Mas o que muda concretamente no gênero reportagem, ao mudar uma de suas
partes (introdução de novos elementos que, criando formatos diferenciados, estabelece
novos subgêneros)? Com isso, foram alteradas as propriedades essenciais da
reportagem? Quais são as propriedades essenciais da reportagem? A notícia, tal como
colocada no jornal impresso também circula na web, mas a notícia no webjornalismo é,
por natureza, hipertextual. O fato de ser hipertextual não muda as propriedades
essenciais do gênero notícia, ou muda? Com a web, mudou, por exemplo, a notícia
produzida para o impresso? O que é a notícia? Um novo formato pode constituir um
novo gênero?
Considerações finais
Nos últimos tempos, com a necessidade de compreensão, apreensão,
desenvolvimento e reprodução didática do saber-fazer jornalístico praticado na web,
crescem, em número e qualidade, os estudos sobre os gêneros. Isso é fundamental, pois
só assim se poderá: 1) passar a exigir de cada gênero apenas e tão somente o que ele
pode oferecer; 2) não ficar preso aos formatos assumidos pelos gêneros nos demais
suportes, viabilizando a exploração máxima das potencialidades oferecidas pela web; 3)
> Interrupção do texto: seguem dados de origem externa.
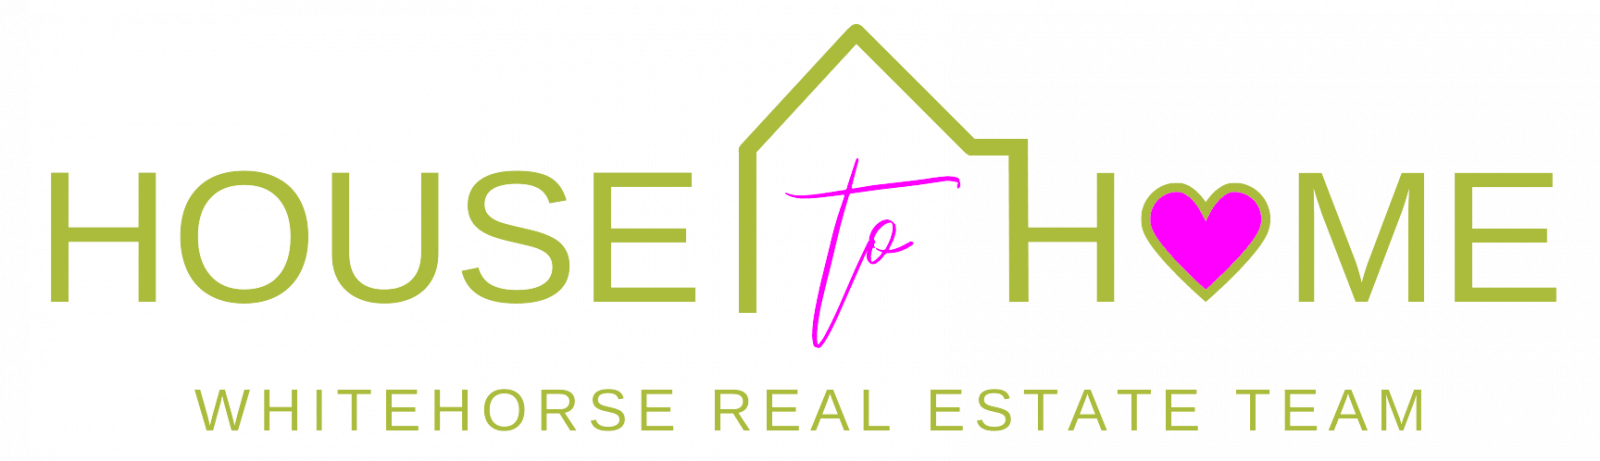 house to home whitehorse real estate team logo
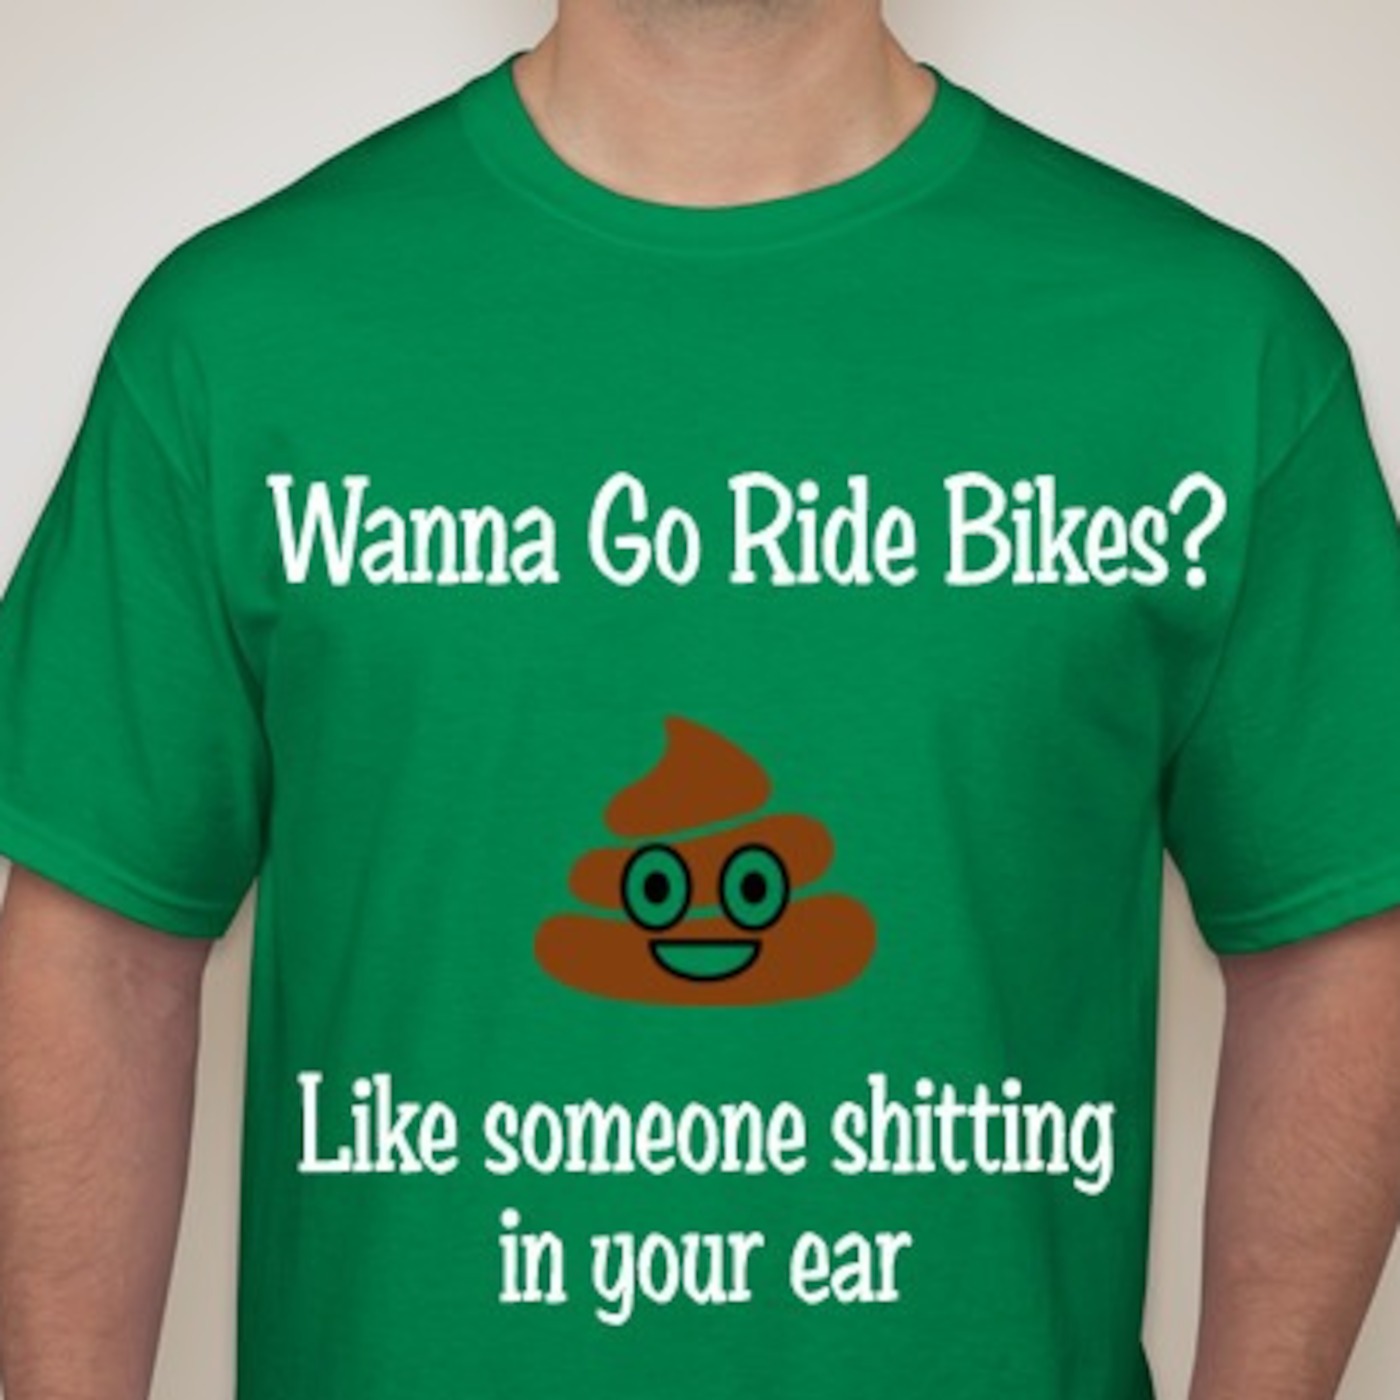 Wanna go ride bikes?

ter consciência de que, como explica Bakhtin, a escolha do gênero dirige todo o
processo discursivo:
[...] A idéia que temos da forma do nosso enunciado, isto é, de um gênero preciso do
discurso, dirige-nos em nosso processo discursivo. O intuito de nosso enunciado, em
seu todo, pode não necessitar, para sua realização, senão de uma oração, mas pode
também necessitar de um grande número delas, e o gênero escolhido dita-nos o seu tipo
com suas articulações composicionais (Bakhtin, 1992, p. 305).
Além disso, vale lembrar, com Lessing, que conhecer é saber produzir. E mais
que isso: é saber inventar – “... no interior de cada gênero numerosas variações são
possíveis (e, aliás, realizadas em parte). [...] A partir de uma única obra, variando os
elementos no quadro fixado pelas regras do gênero, pode-se obter milhares, milhões de
outras obras ...” (Todorov, 1980, p. 39-40).